Regaining Autonomy in a Holding Environment: Patients' Perspectives on the Existential Communication with Physicians When Suffering from a Severe, Chronic Illness: A Qualitative Nordic Study.

机构信息

Department of Psychology, University of Southern Denmark, Campusvej 55, 5230, Odense, Denmark.

Department of Neurology, Odense University Hospital, Odense, Denmark.

出版信息

J Relig Health. 2023 Aug;62(4):2375-2390. doi: 10.1007/s10943-022-01658-7. Epub 2022 Sep 7.

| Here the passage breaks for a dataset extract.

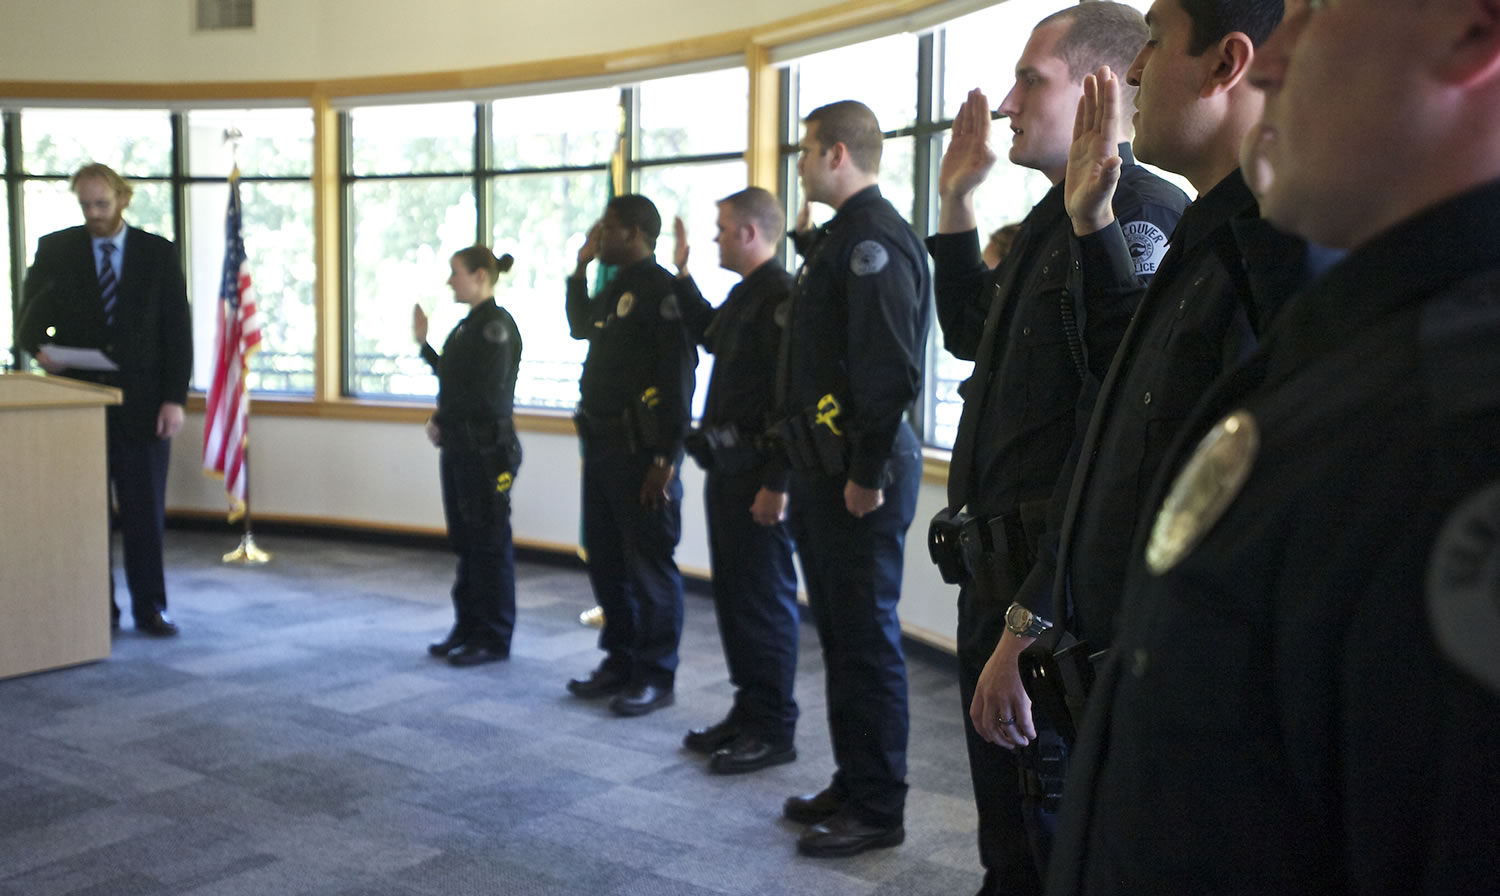 Eight new Vancouver Police officers are sworn in during a July 25 ceremony at the Water Resources Center.

DOI:10.1007/s10943-022-01658-7
PMID:36071298
Abstract

Patients experience existential themes as pivotal in their lives, in order to be able to live with a severe, chronic illness; however, physicians report a hesitative approach to existential communication. The current study investigated Nordic patients' experiences of existential communication with their physicians related to the treatment of multiple sclerosis or chronic pain. Semi-structured interviews with 23 patients were analyzed following Interpretative Phenomenological Analysis. Physicians focusing on medical aspects at the expense of psychological and existential aspects of being ill was experienced by patients as challenging their treatment and well-being. For making a shared decision with the physician on their treatment, patients needed a transition from being dependent to being autonomous. A holding environment and existential communication about transitional objects such as relationships with something bigger than themselves, as nature or religion, supported this autonomy. The analysis showed that existential communication not only supported patients in developing and regaining autonomy but also functioned as a moderator for illness-related distress, as a prevention of withdrawal from treatment, and as significant for patients in relation to living with chronic illness. Further education in existential communication is desirable, to support physicians integrating existential dimensions in consultations and shared decision-making with patients suffering from a severe, chronic illness.

摘要

患者将存在主义主题视为其生活中的关键,以便能够应对严重的慢性疾病;然而,医生在进行存在主义沟通方面的态度犹豫不决。本研究调查了北欧患者在多发性硬化症或慢性疼痛治疗方面与医生进行存在主义沟通的体验。对 23 名患者的半结构化访谈进行了分析,采用解释现象学分析方法。患者体验到,医生过分关注医疗方面而忽视了疾病的心理和存在主义方面,这对他们的治疗和幸福感构成了挑战。为了与医生就治疗方案做出共同决策,患者需要从依赖过渡到自主。一个支持性环境和关于过渡性客体(如与超越自我的事物的关系,如自然或宗教)的存在主义沟通,可以支持这种自主性。分析表明,存在主义沟通不仅支持患者发展和重新获得自主性,而且还可以作为减轻与疾病相关的痛苦的调节剂,防止患者放弃治疗,并对患有慢性疾病的患者具有重要意义。进一步开展存在主义沟通教育是可取的,以支持医生在咨询和与患有严重慢性疾病的患者共同决策时整合存在主义维度。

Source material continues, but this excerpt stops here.